▸ **Description of the task**
Scan the records for the string "Stock" and copy every line that holds it.

▸ **Input data**

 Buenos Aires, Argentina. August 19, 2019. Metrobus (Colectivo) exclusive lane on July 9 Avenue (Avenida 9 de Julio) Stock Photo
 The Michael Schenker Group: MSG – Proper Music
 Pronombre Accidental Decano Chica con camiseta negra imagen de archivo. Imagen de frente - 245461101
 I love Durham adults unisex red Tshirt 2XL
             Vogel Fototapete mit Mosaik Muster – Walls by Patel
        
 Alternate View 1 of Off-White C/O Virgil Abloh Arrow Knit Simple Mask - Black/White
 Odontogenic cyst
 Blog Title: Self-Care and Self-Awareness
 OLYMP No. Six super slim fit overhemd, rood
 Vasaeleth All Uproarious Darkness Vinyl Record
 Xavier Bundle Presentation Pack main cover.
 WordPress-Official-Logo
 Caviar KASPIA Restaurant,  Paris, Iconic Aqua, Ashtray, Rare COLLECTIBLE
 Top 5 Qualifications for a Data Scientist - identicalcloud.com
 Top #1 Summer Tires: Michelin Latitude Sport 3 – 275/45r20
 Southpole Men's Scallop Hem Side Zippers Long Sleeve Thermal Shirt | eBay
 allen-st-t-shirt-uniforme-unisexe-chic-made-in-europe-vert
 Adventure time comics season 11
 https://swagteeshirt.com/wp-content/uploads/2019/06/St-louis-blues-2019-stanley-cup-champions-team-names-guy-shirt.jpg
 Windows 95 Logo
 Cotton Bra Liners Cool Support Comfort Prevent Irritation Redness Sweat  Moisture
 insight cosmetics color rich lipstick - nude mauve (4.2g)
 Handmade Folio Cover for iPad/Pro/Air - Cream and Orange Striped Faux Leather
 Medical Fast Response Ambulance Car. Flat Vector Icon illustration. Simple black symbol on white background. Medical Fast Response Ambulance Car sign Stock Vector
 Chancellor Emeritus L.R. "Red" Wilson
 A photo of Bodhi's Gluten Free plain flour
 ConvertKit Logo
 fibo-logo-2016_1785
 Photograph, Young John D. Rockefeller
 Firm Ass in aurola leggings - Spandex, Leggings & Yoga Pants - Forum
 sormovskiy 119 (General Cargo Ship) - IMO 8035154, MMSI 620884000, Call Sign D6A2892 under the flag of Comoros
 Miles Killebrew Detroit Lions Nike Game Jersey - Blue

▸ **Exercise response**
 Buenos Aires, Argentina. August 19, 2019. Metrobus (Colectivo) exclusive lane on July 9 Avenue (Avenida 9 de Julio) Stock Photo
 Medical Fast Response Ambulance Car. Flat Vector Icon illustration. Simple black symbol on white background. Medical Fast Response Ambulance Car sign Stock Vector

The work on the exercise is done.